The Myth & Pitfalls of Meditation “Progress”

A good friend surprised me with a little trinket the other day that really made me smile at a particularly stressful time. It’s a little key fob Buddha with a button on his back that you can push to turn on an LED flashlight to find the keyhole to your home, that lost lipstick in the bottom of your purse, or the last jujubee you just dropped on the floor of the movie theater (best to practice “letting go” of that last one. Really.)

I had a little fun with my gift by sharing it on Facebook with the photo of it (on the right). Here’s what I wrote:

“Thank you Michelle for my new Buddha LED Light Key Fob! Apparently when you become enlightened then some of that light shines out of your butt. The problem is that as soon as you get up off the meditation cushion to see if it’s shining, you aren’t enlightened any more and the light is off. Kind of the reverse of the whole “does the light in the refrigerator really go off when you close the door?” dilemma. Ahh, enlightenment is soooo complicated and paradoxical.”

A friend responded with the inquiry “Does this mean you have to be on the cushion to be enlightened?” A reasonable question, but in general I find myself so unable to address any issues around enlightenment that my eyes glaze over and the best I can do is an enigmatic smile and a deep wish that the conversation would shift to subjects I can handle like “Will the Oakland Raiders EVER Return to Glory?” (Feel free to post a response to this blog on that question if the whole meditation thing doesn’t pique your interest. I could use a little hope in that regard!)

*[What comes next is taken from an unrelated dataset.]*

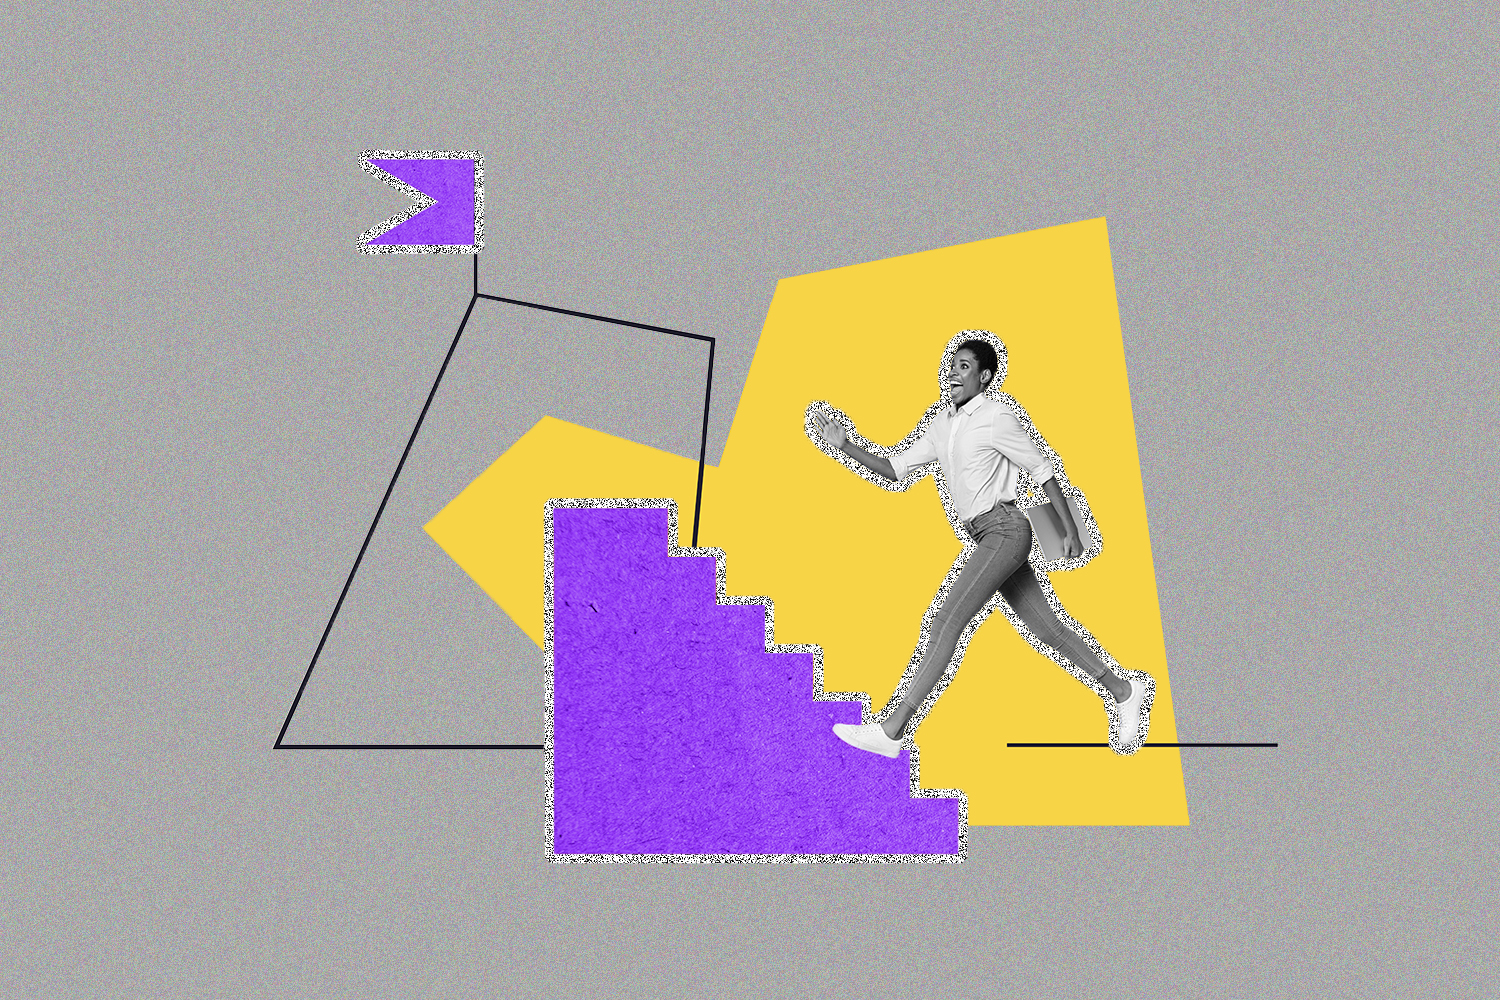 A person walking up a purple set of stairs toward a purple flag, on a yellow and gray background

What I was referring to in my Facebook post was that inevitable pull we feel to check to see how we are doing, whether it is relative to how we USED to be doing, or how OTHER PEOPLE are doing, or (even more problematic) how WE THINK WE SHOULD be doing. But in the end we are just doing. Or more accurately, just being. No comparisons necessary. Contrary to almost everything else these days, meditation is not a competition, you can’t do it better, faster, bigger or more fuel-efficiently than anyone else. As Jon Kabat-Zinn says in a chapter called “This Is It” from Wherever You Go, There You Are:

People usually don’t get this right away. They want to meditate in order to relax, to experience a special state, to become a better person, to reduce some stress or pain, to break out of old habits and patterns, to become free or enlightened. All valid reasons to take up meditation practice, but all equally fraught with problems if you expect those things to happen just because now you are meditating. You’ll get caught up in wanting to have a “special experience” or in looking for signs of progress, and if you don’t feel something special pretty quickly, you may start to doubt the path you have chosen, or to wonder whether you are “doing it right.”

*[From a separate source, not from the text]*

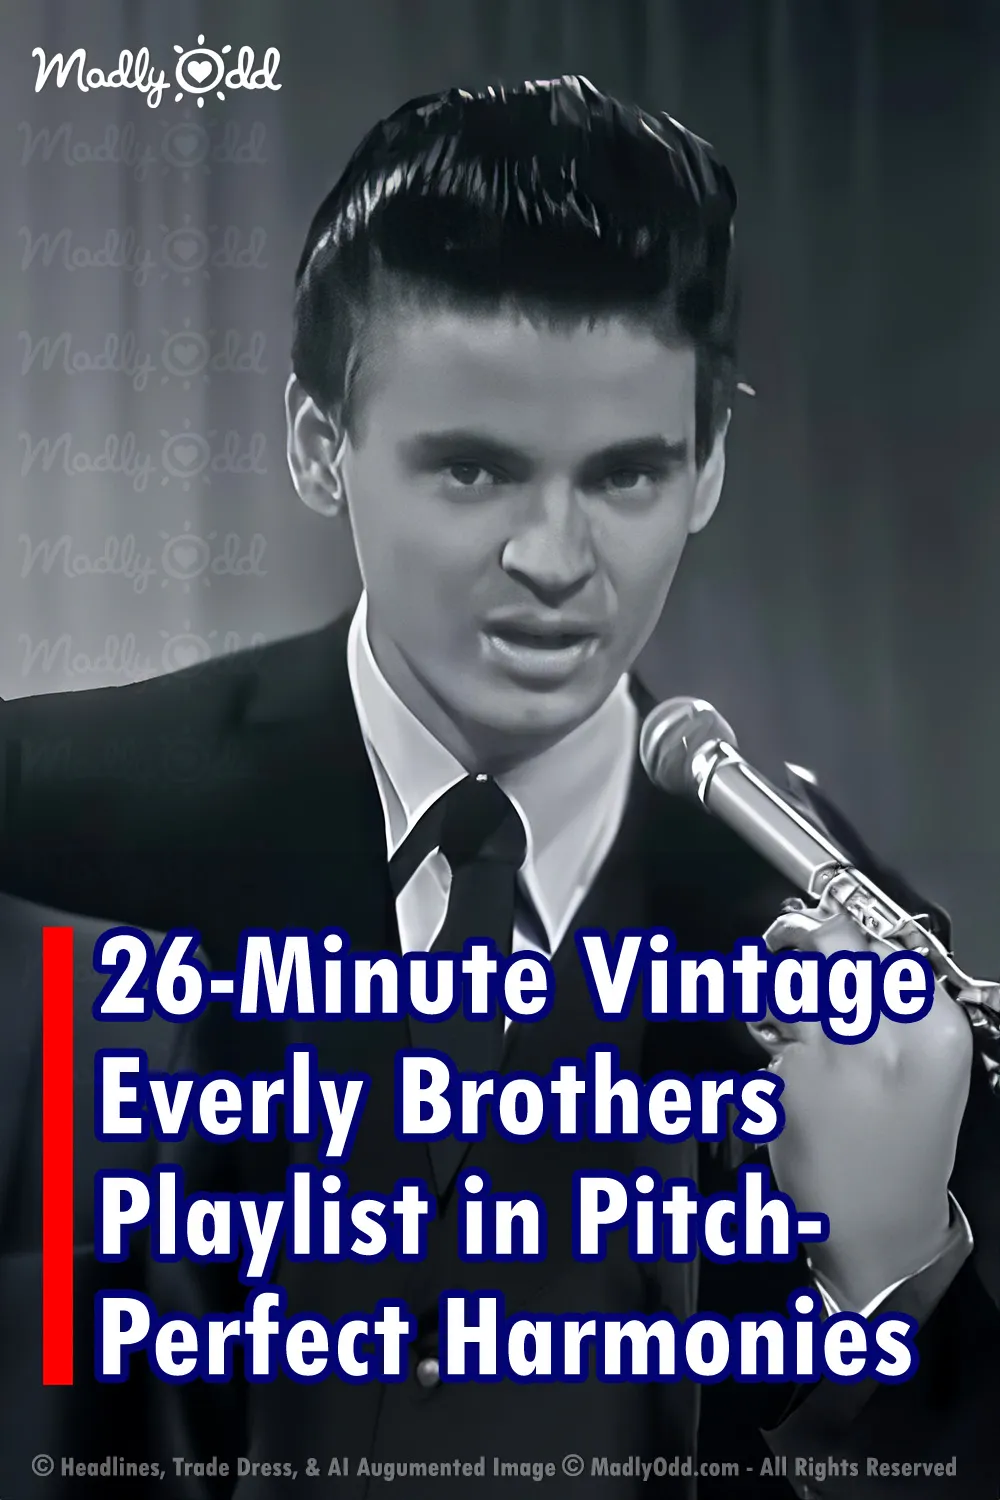 26-Minute Vintage Everly Brothers Playslist in Pitch- Perfect Harmonies

Trust me on this one. I have the true test to see if you are doing it right. Ready?

Question #1: Are you meditating (aka “doing it?)  ____Yes    ____No

If your answer was yes, you are doing it right.

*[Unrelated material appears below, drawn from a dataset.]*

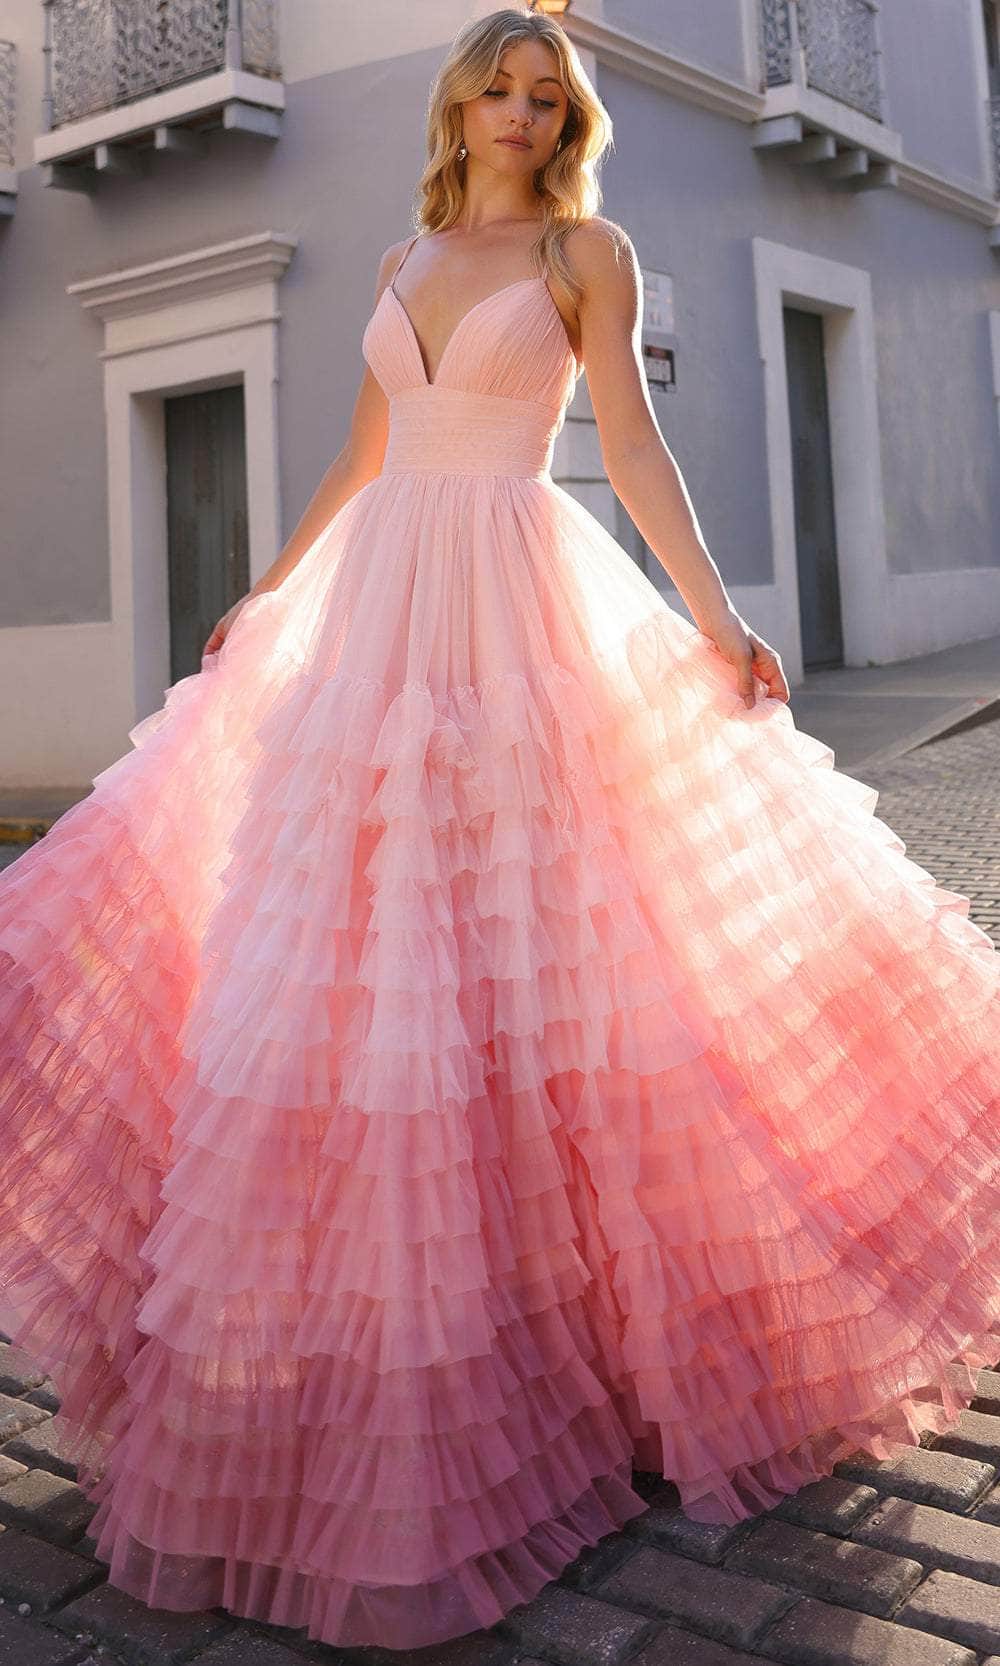 Nox Anabel C1420 - Ombre Ruffled Prom Dress Special Occasion Dress 0 / Blush Ombre

So consider this: “What would it be like to let go of needing to see any signs of progress and only practice for its own sake?” Would that be possible? I would invite you to see what that might be like.

And quit peeking to check to see if you’re enlightened yet. You’ll probably just tumble off the cushion and hit your head on the floor anyway. Hardly very enlightening, but then again, sometimes a good (figurative) whack upside the head is what we need to remember to just sit  As Jon Kabat-Zinn says, “This is it.”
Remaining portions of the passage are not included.